> **WHAT THE TASK REQUIRES**
Please retype the listing below exactly as it stands, skipping any pictures.
** Opening EXERCISE DATA block **
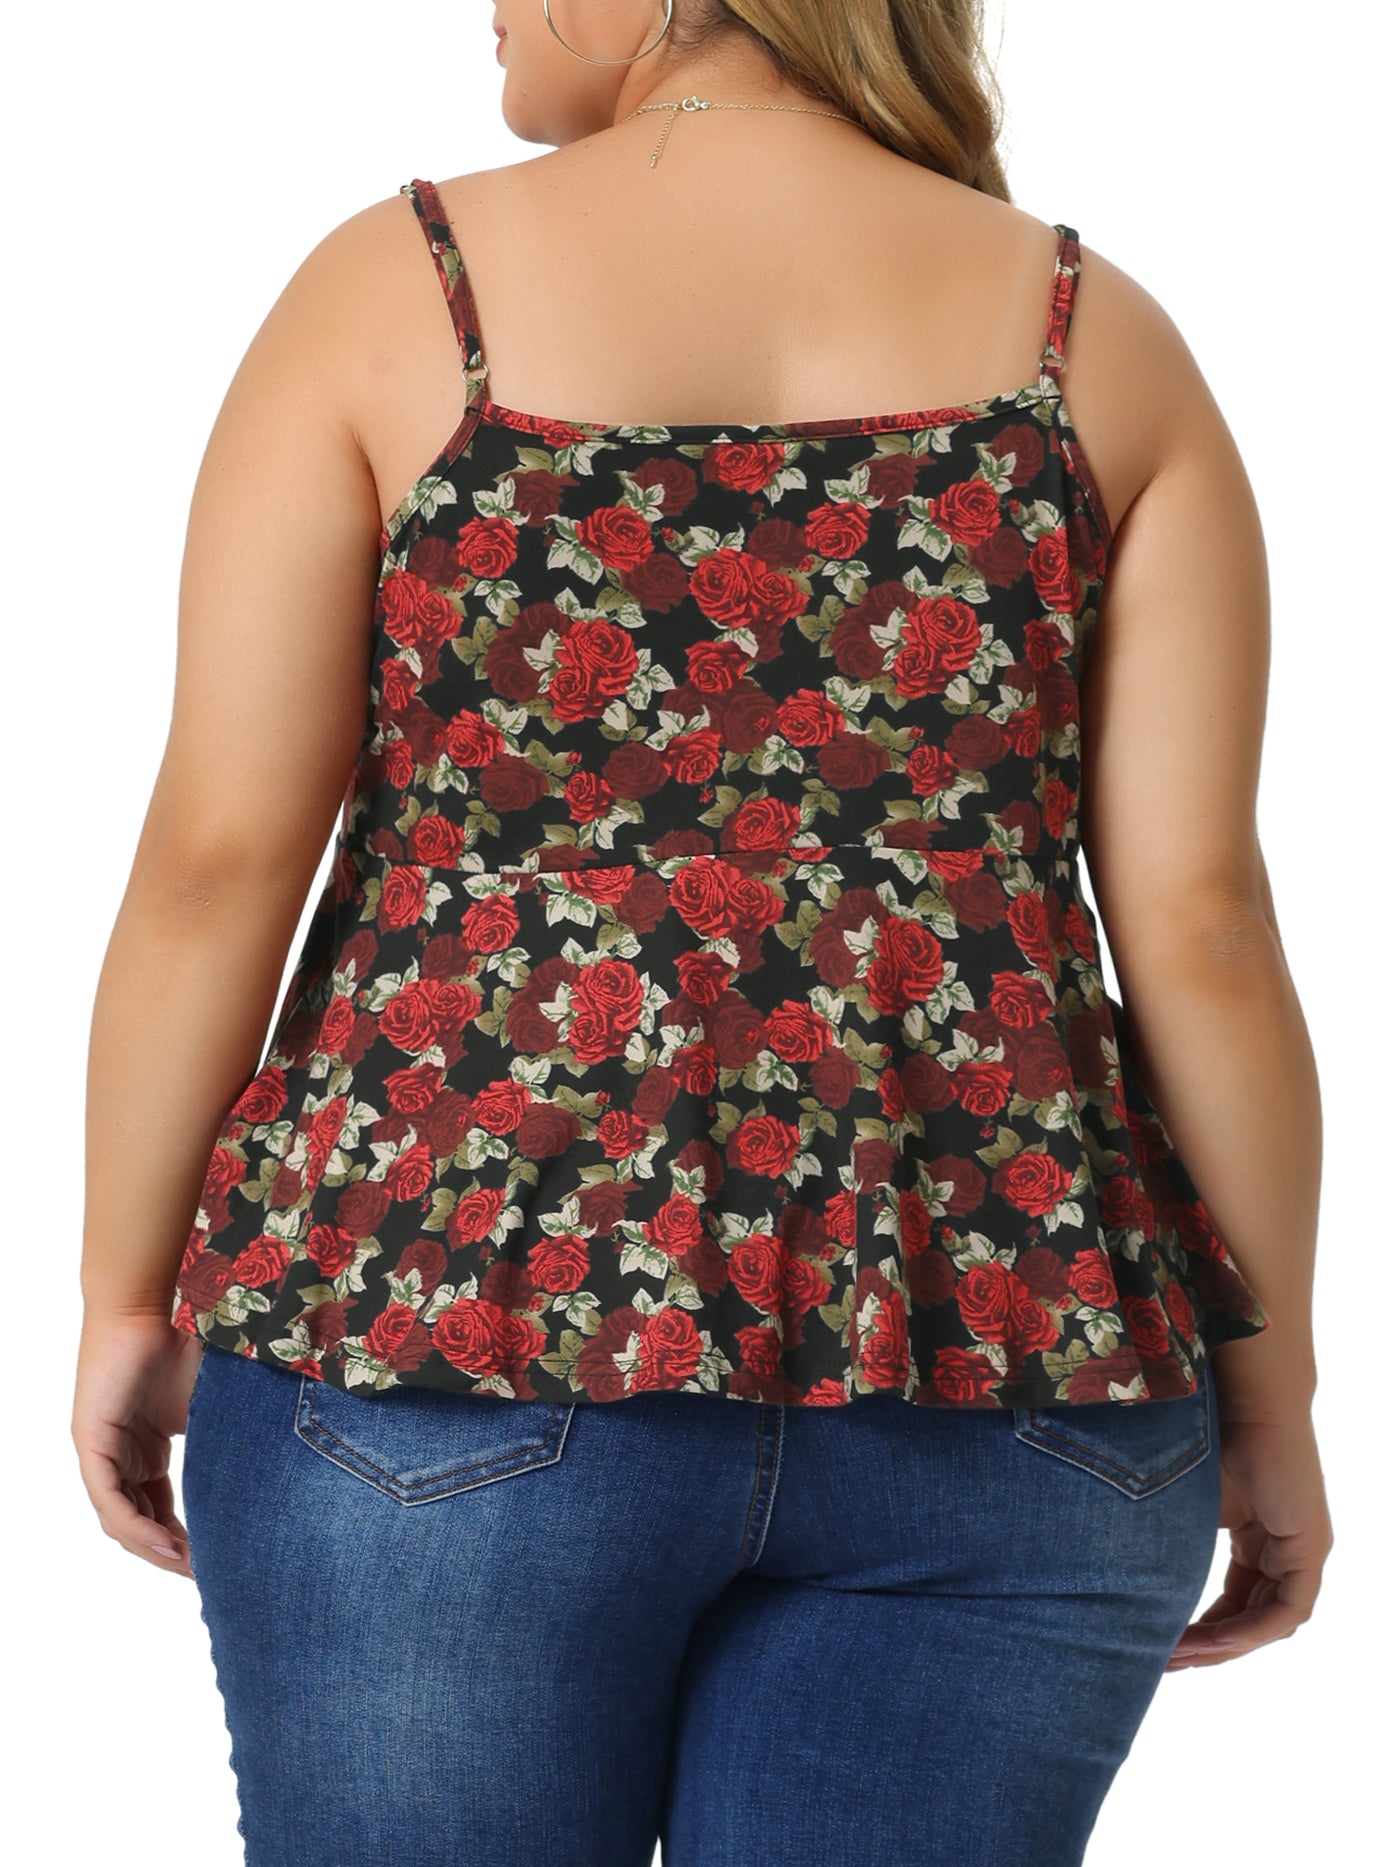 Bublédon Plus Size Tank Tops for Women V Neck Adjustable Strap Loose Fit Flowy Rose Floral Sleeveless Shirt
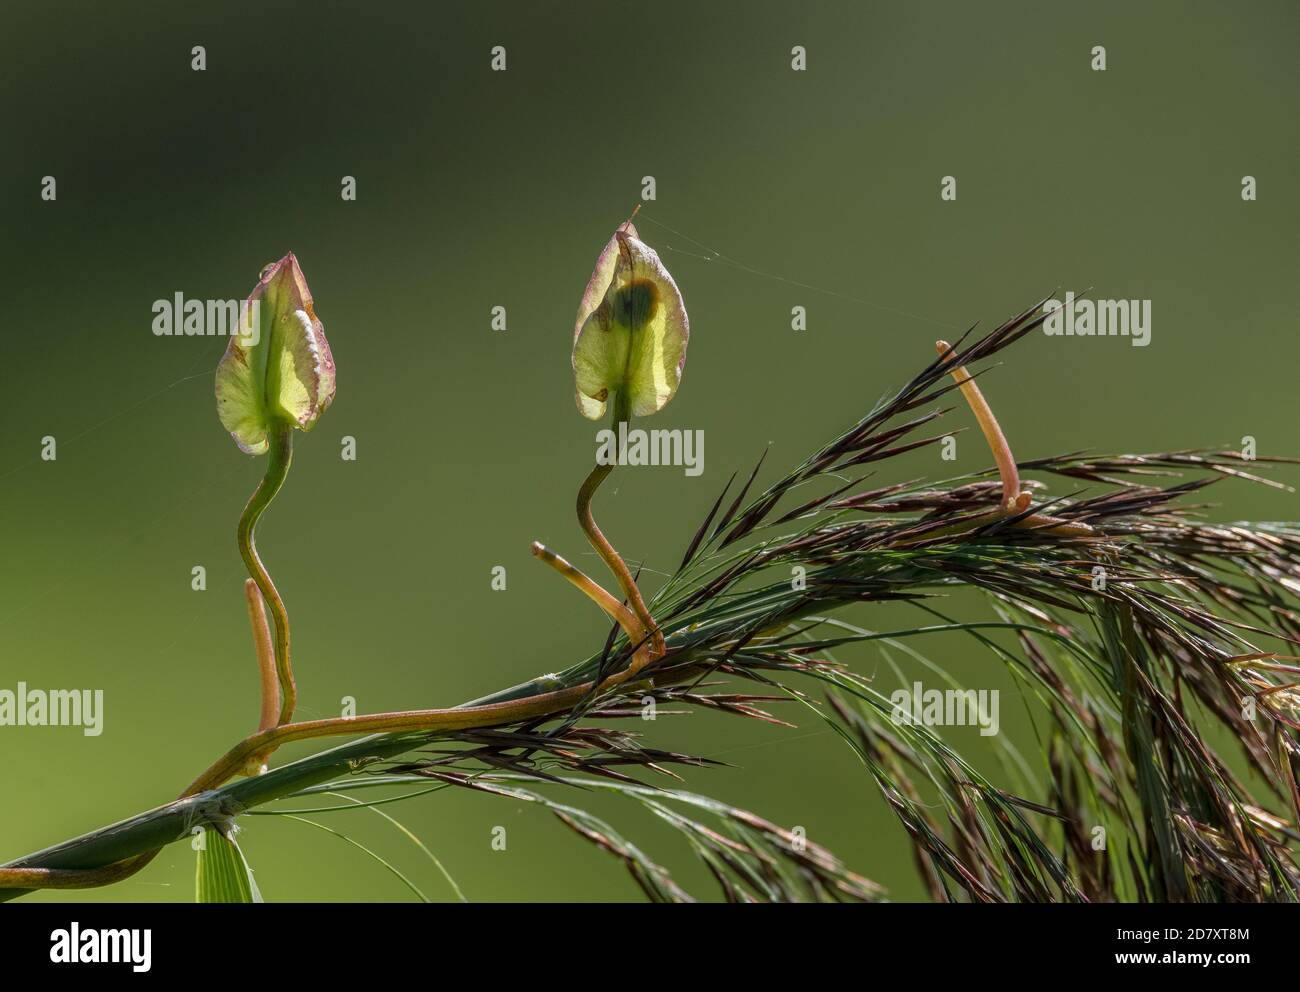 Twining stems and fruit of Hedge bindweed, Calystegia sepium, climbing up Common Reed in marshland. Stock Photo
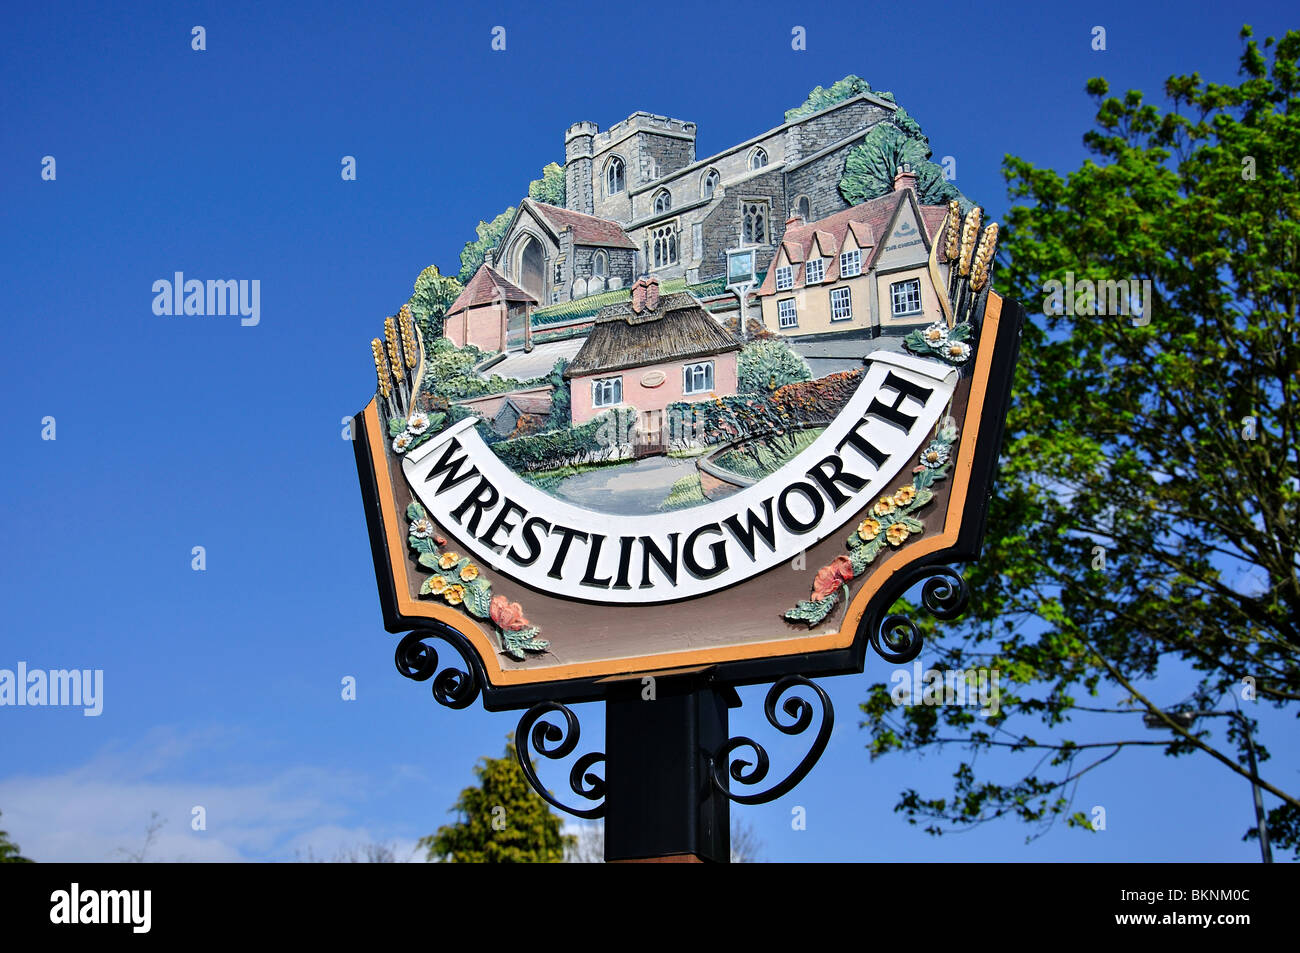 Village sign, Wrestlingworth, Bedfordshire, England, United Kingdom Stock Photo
** Closing EXERCISE DATA block **
> **YOUR SOLUTION**
 Bublédon Plus Size Tank Tops for Women V Neck Adjustable Strap Loose Fit Flowy Rose Floral Sleeveless Shirt
 Twining stems and fruit of Hedge bindweed, Calystegia sepium, climbing up Common Reed in marshland. Stock Photo
 Village sign, Wrestlingworth, Bedfordshire, England, United Kingdom Stock Photo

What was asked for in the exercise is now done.